Linda Crampton is a writer and experienced science teacher with an honors degree in biology. She enjoys writing about science and nature.

A lion’s mane jellyfish and the three moon jellyfish that it has captured for food

A lion’s mane jellyfish and the three moon jellyfish that it has captured for food

Sleep: An Interesting and Mysterious State

Sleep often seems like a mysterious state, even to some scientists. Until recently, it was thought that sleep was a function of the brain and was experienced only by the animals that possess this organ. In recent years, researchers have discovered that states resembling sleep occur in some species without a brain or without the simpler but somewhat similar cerebral ganglia. The sleepers include at least some species of jellyfish. Though some researchers prefer to call the condition in jellyfish sleep-like instead of sleep, others disagree with this terminology. Whatever term is used to describe the quiescence, it’s a fascinating phenomenon.

The so-called “true” jellyfish belong to the phylum Cnidaria and are the subject of this article. They are not the only invertebrates that exhibit sleep. I chose to highlight a cnidarian because the members of the phylum have the simplest nervous system of those animals known to enter a sleep-like state. That being said, there is some evidence that sponges (phylum Porifera), which are even simpler organisms, also sleep.

More research needs to be performed to confirm the idea that sponges sleep. Unlike jellyfish, other cnidarians, and more complex animals, sponges have no neurons, or nerve cells. They do detect certain changes in their environment and respond appropriately, however. This implies that critical information is being transmitted through the cells in at least part of their body, even though the animals don’t have specialized cells (neurons) to do this.

An Introduction to Jellyfish

Jellyfish belong to the class Scyphozoa within the phylum Cnidaria. (Box jellyfish belong to the class Cubozoa and aren’t discussed in this article.) Scyphozoans have a bell or umbrella-shaped body and tentacles around their mouth. The mouth is located under the bell at the end of a stalk called the manubrium. The contraction and relaxation of the muscles in the bell produces a pulsing motion, which enables the animal to move.

The tentacles contain cells called cnidocytes. These in turn contain nematocysts, or stinging capsules, which are used to catch prey. A nematocyst fires a structure resembling a harpoon into the prey. The harpoon injects venom into the animal. Some species of jellyfish have wider oral arms in addition to tentacles. These help to manipulate the prey.

The mouth leads to a gastrovascular cavity, where digestion occurs and the digested food is absorbed. The mouth also serves as an anus. Jellyfish have neither a respiratory nor a circulatory system. Gases diffuse into and out of their body. The pulsing of the bell helps to push fluid around the body.

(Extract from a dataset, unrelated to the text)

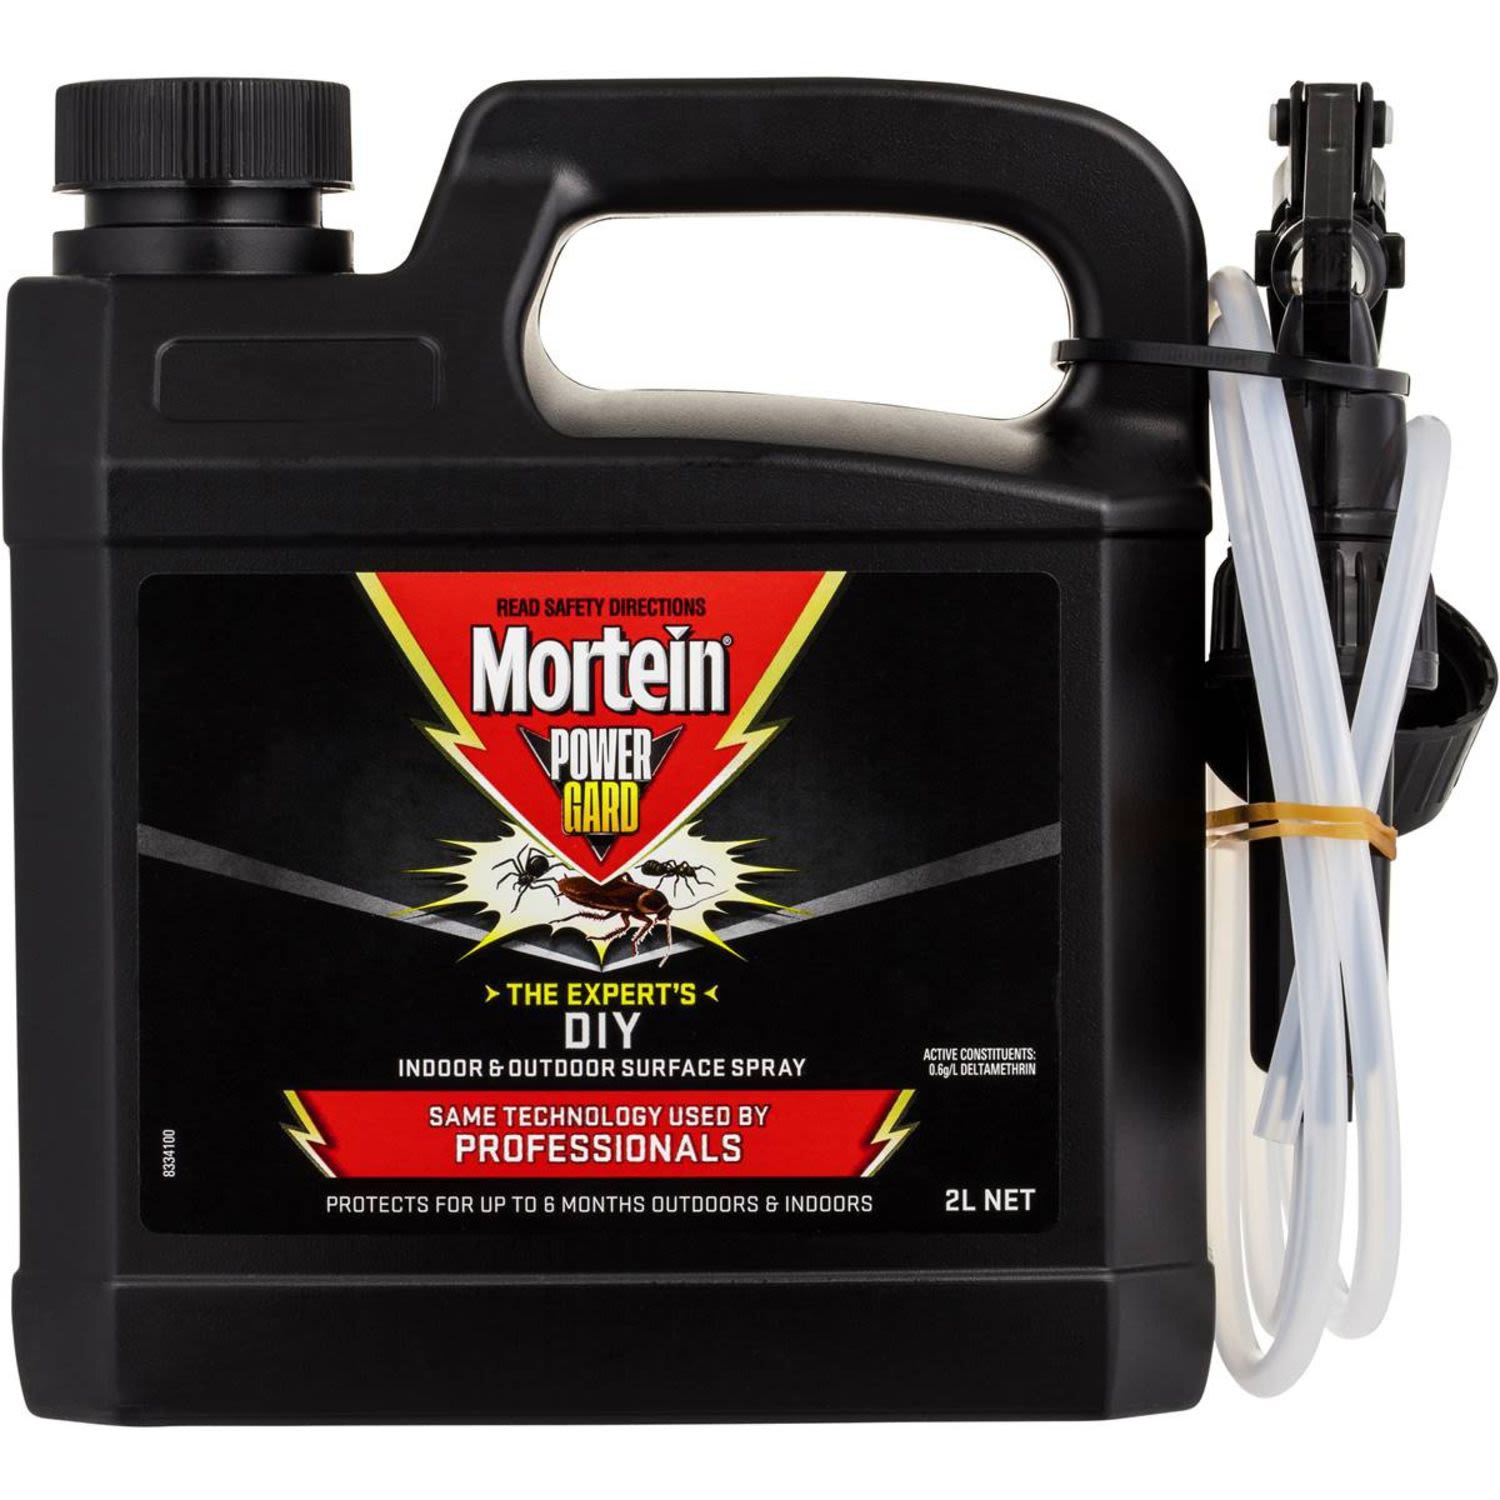 Mortein Surface Spray Professional Diy Kit, 2 Litre

Jellyfish are usually male or female. Their gonads produce sperm or eggs, which are released into the water through their mouth. When a sperm and egg meet, a larva is formed. The larva attaches itself to the ocean floor and produces a polyp. The polyp has a stalk and tentacles surrounding a mouth at the top. It is able to catch prey and eat. When a polyp is mature, it undergoes a process known as budding. Each bud is released and becomes a new jellyfish. The illustration below shows the process pictorially.

Structure and Function of a Neuron

The nervous system controls the behaviour of an animal, including its ability to sleep. Though jellyfish have a much simpler nervous system than us, their system also has some important similarities to ours, including the possession of neurons.

A neuron or nerve cell conducts an electrical impulse from a sensory structure (or from another neuron) to the target structure (or to another neuron in the chain). The impulse ends at the target structure, which produces a response as a result of the stimulation. The current in a wire consists of moving electrons. In a neuron, it consists of flowing ions, or charged atoms. The moving ions create an action potential, or a change in electric potential, as they flow along the cell membrane. A nerve consists of a bundle of neurons.

The basic structure of a neuron is shown below. Different types of neurons exist, and they have some variability in structure, but the general function of each of them is the same. In the version shown below, the current flows from the dendrites, through the cell body (which contains the nucleus of the cell), and then along the axon towards the target structure.

A neuron doesn’t stimulate the next structure in the chain directly. There is a tiny gap between one neuron and the next one or between the neuron and a muscle or gland. The region is called a synapse. Chemicals called neurotransmitters control the passage of the nerve impulse across the synapse. A variety of neurotransmitters exist in humans and in jellyfish, including some that are identical in each organism.

The illustration of a neuron shown above is not drawn to scale. The axon may be much longer than the one shown. The illustration represents a human neuron. The various types of neurons in an organism and neurons in different types of organisms may have slightly different appearances, but they follow the same general pattern.

Nature of Cerebral Ganglia

Like us, the invertebrates known to sleep have sensory structures, neurons, and target structures in their nervous system. They lack the highly specialized part of the system called the brain. Some have a cerebral ganglion (or connected cerebral ganglia) in their head, however. A ganglion is a group of cell bodies.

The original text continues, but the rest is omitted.